Le texte de cette page a été corrigé et est conforme au fac-similé.

rapprochement des chiffres d’une année à la suivante et, dans la même année, d’une ville à l’autre, que le prix des vins était sujet à des alternatives de hausse et de baisse plus brusques et plus saisissantes autrefois qu’à l’heure actuelle ; cependant, lorsqu’on suit les cours des mêmes vignobles durant un certain temps et lorsqu’on note le taux excessif atteint par des liquides très ordinaires, si la récolte venait à manquer, — Moulins, en 1710, paya le vin 100 francs l’hectolitre, et Mézières 155 francs, lorsque sa valeur moyenne était de 24 francs, — on peut se convaincre de l’état précaire où le défaut de circulation et l’absence de réserves suffisantes plaçaient à la fois les consommateurs et les producteurs.

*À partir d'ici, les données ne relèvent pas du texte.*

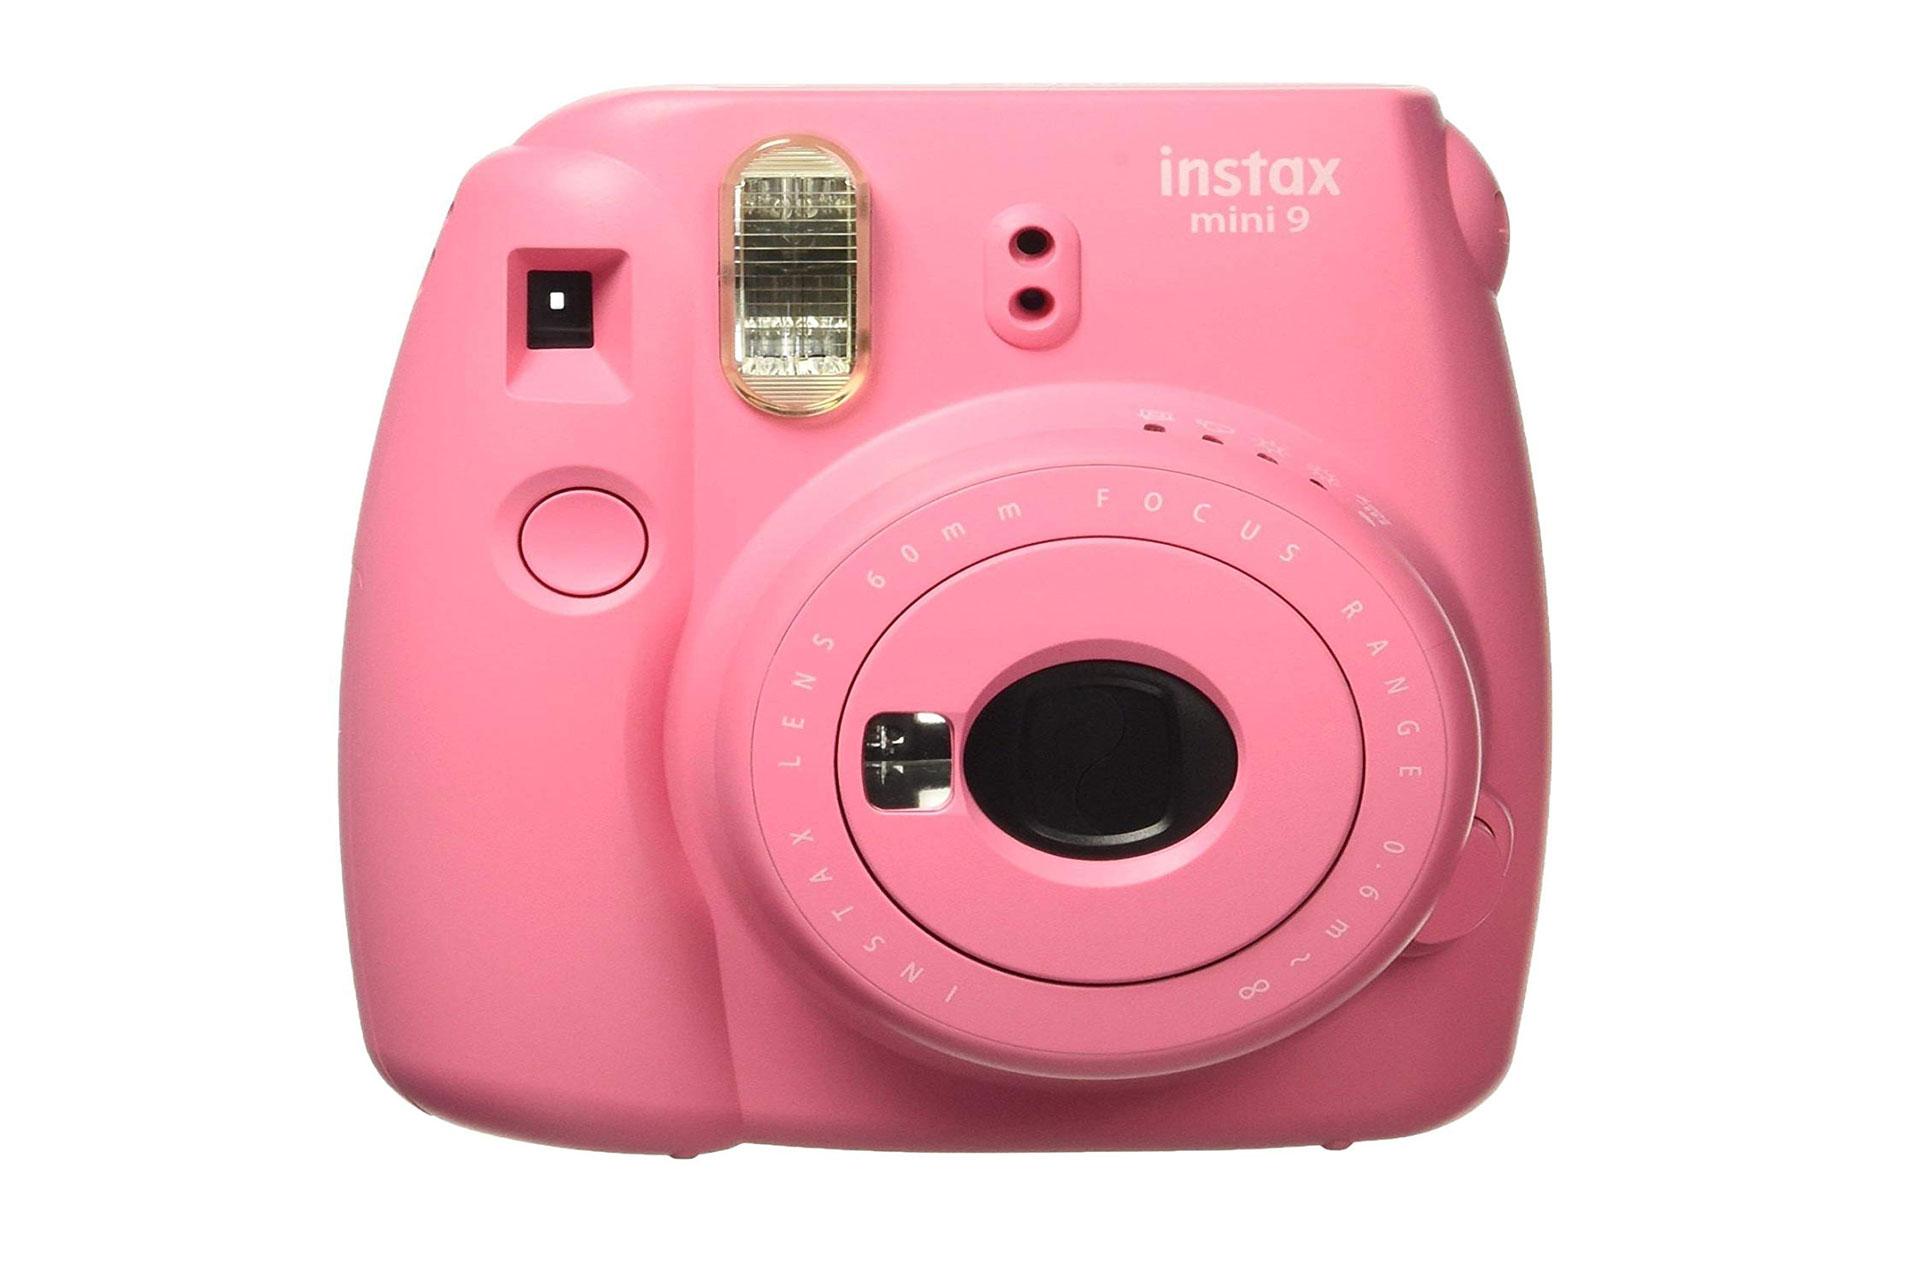 Fujifilm Instax Mini 9 Instant Camera; Courtesy of Amazon

Pour le vin comme pour le blé, la réglementation du commerce par l’Etat et les villes n’obtenait donc ni l’un ni l’autre des résultats qu’elle se proposait : assurer l’écoulement des marchandises aux époques de pléthore ; obvier, aux momens de pénurie, à la hausse démesurée. Le vin, qui peut être évalué à 19 francs l’hectolitre pour l’ensemble du XVIIe siècle, demeura au même prix de 1701 à 1790, mais avec une tendance à la baisse vers la fin de l’ancien régime. Comparé aux salaires, il avait au contraire légèrement enchéri sous Louis XVI. La journée du manœuvre représentait, tantôt 3 lit, 30 de vin, sous Richelieu, tantôt 5 lit, 30 sous Colbert. Elle tomba à 3 litres sous la Régence du Duc d’Orléans pour remonter à 4 lit, 80 sous Fleury et se réduisit ensuite à 4 lit, 10. Le journalier était donc, à cet égard, moins favorisé que de nos jours, où son gain de 2 fr. 50 correspond à 8 lit, 30.

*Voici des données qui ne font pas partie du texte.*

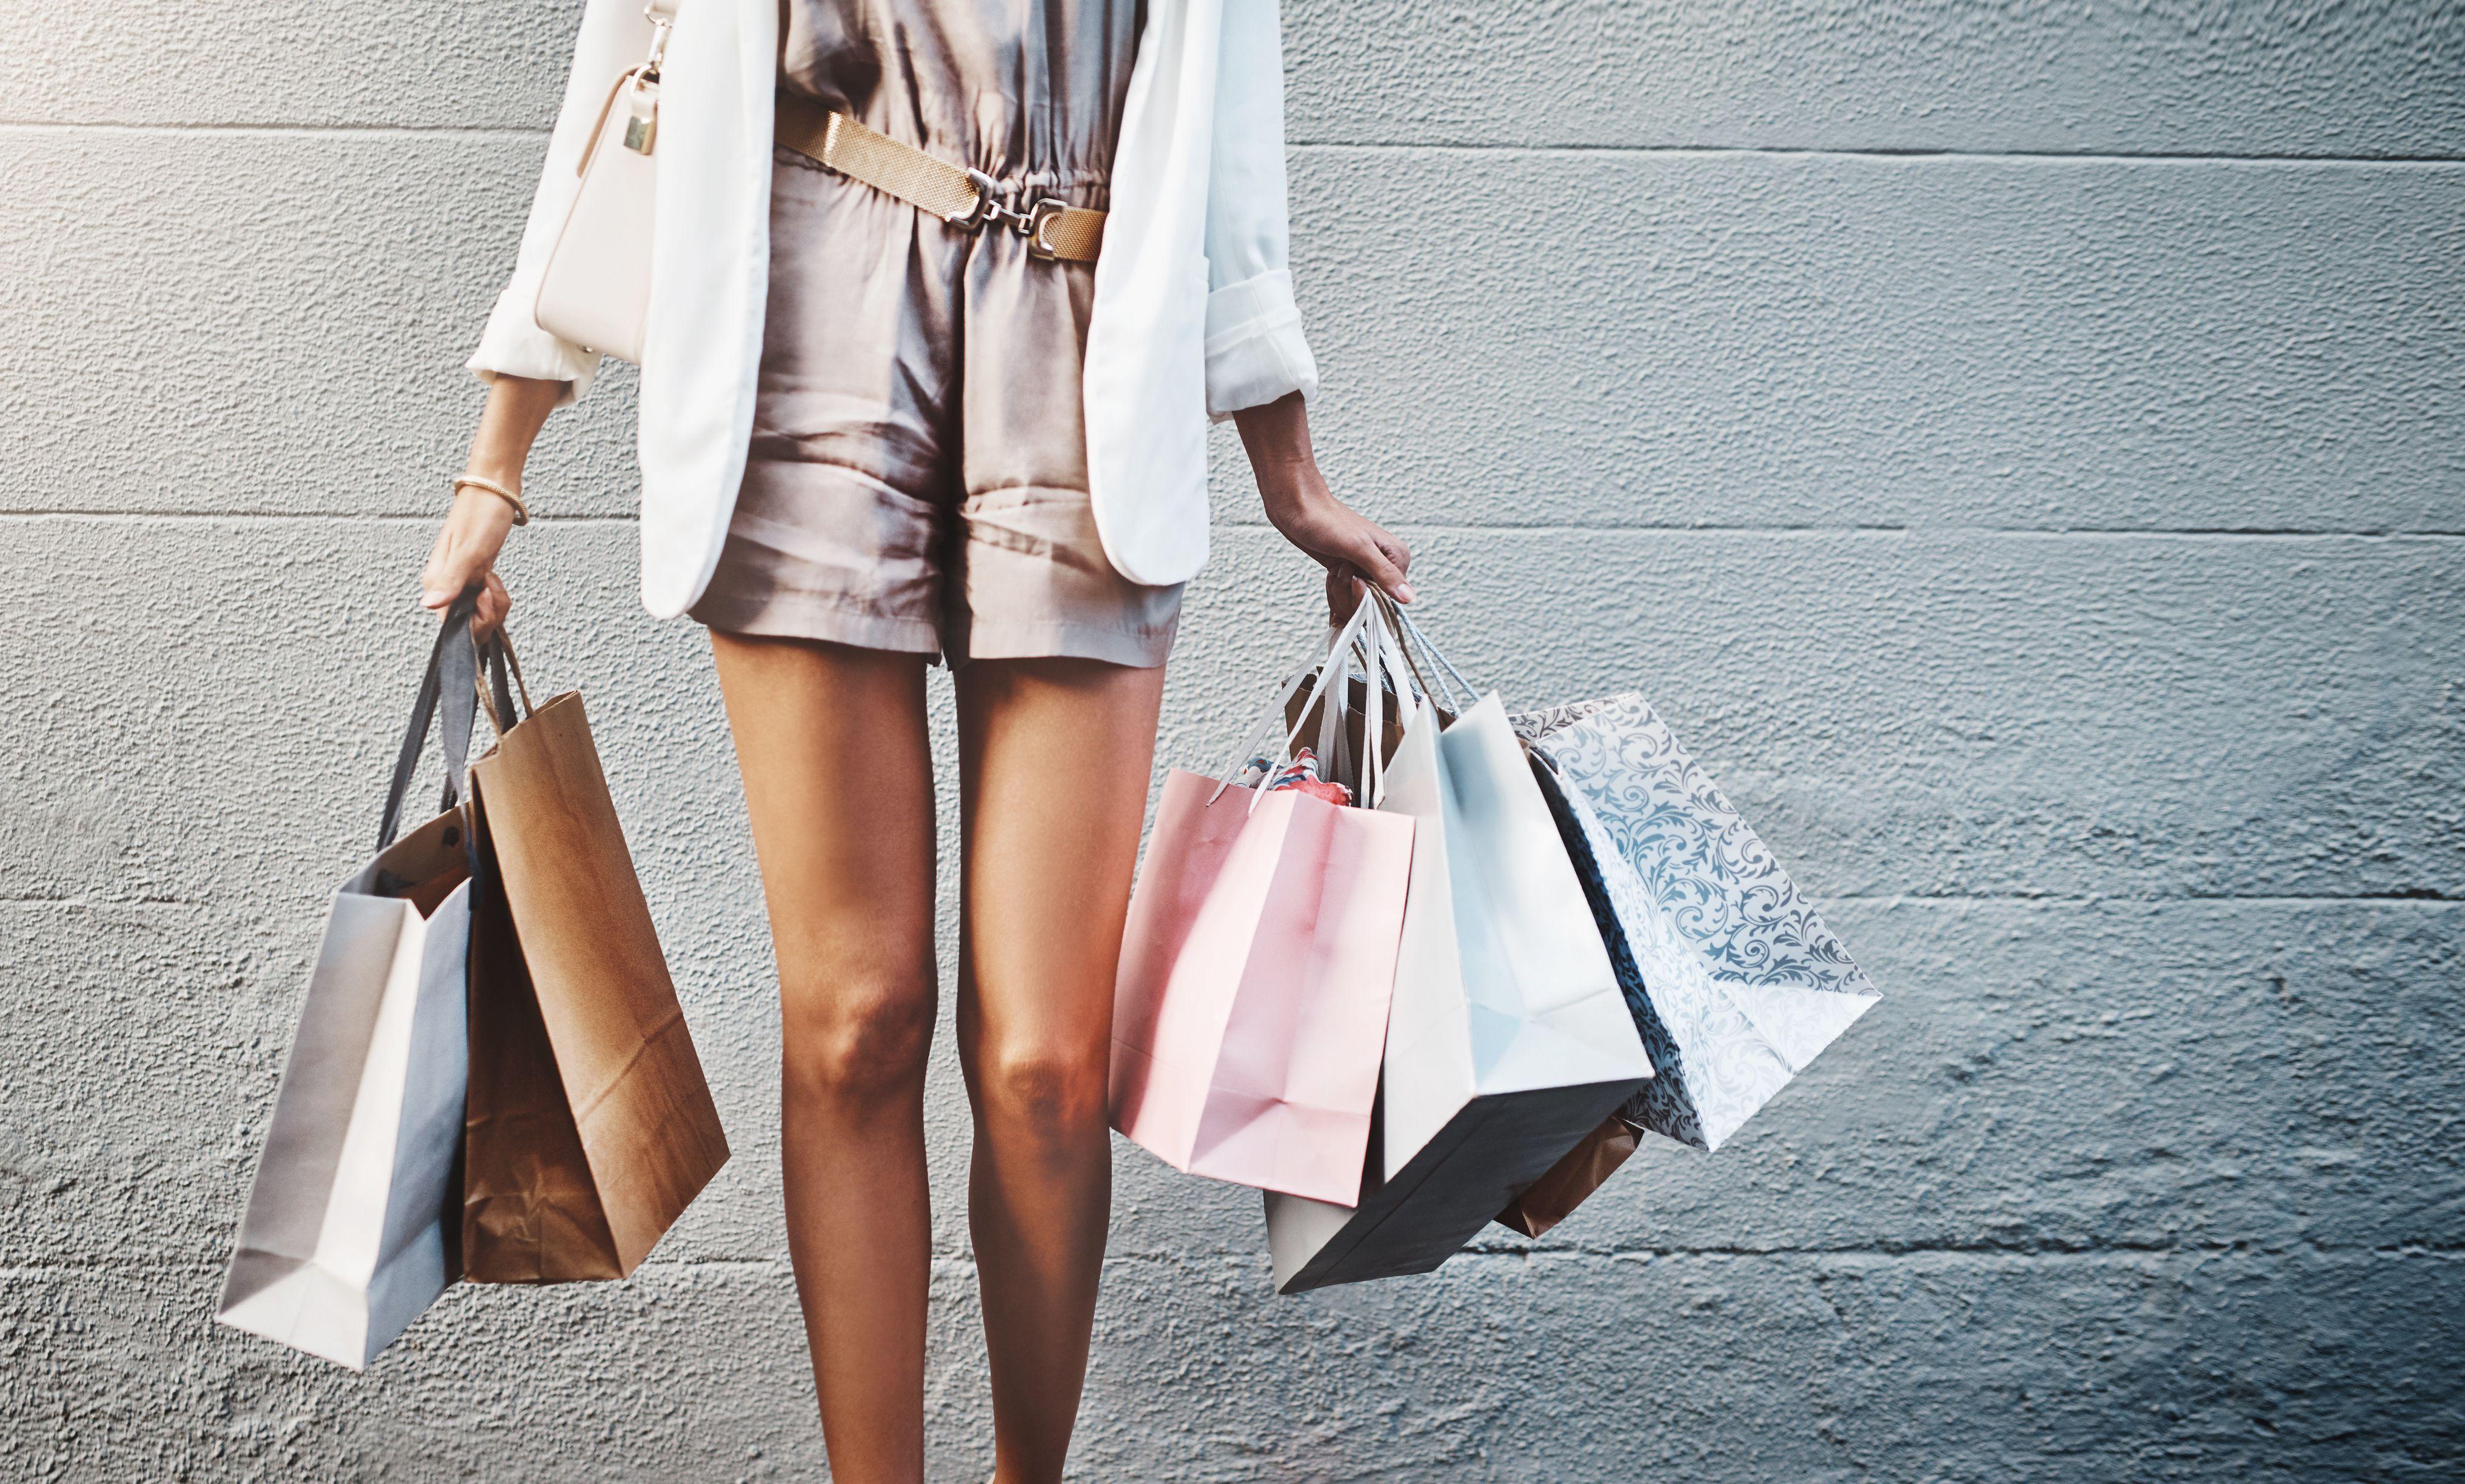 Piccoli Stivali E Sopra Lei skinny jeans archivi | befashionblog

La consommation du vin, par les classes laborieuses, aurait dû être par conséquent moitié moindre. En pratique, elle variait, bien plus qu’aujourd’hui, suivant les récoltes et les provinces. La piquette était la boisson commune des paysans, même dans des régions vinicoles ; les hospices du Midi, si l’année était mauvaise, ne donnaient à leurs malades que du « demi-vin » et, dans les campagnes du Nord, le jus du raisin était ignoré. « Sur 1 000 habitans de mon village, dit un curé de Picardie, je suis convaincu que 950 n’ont jamais bu de vin. »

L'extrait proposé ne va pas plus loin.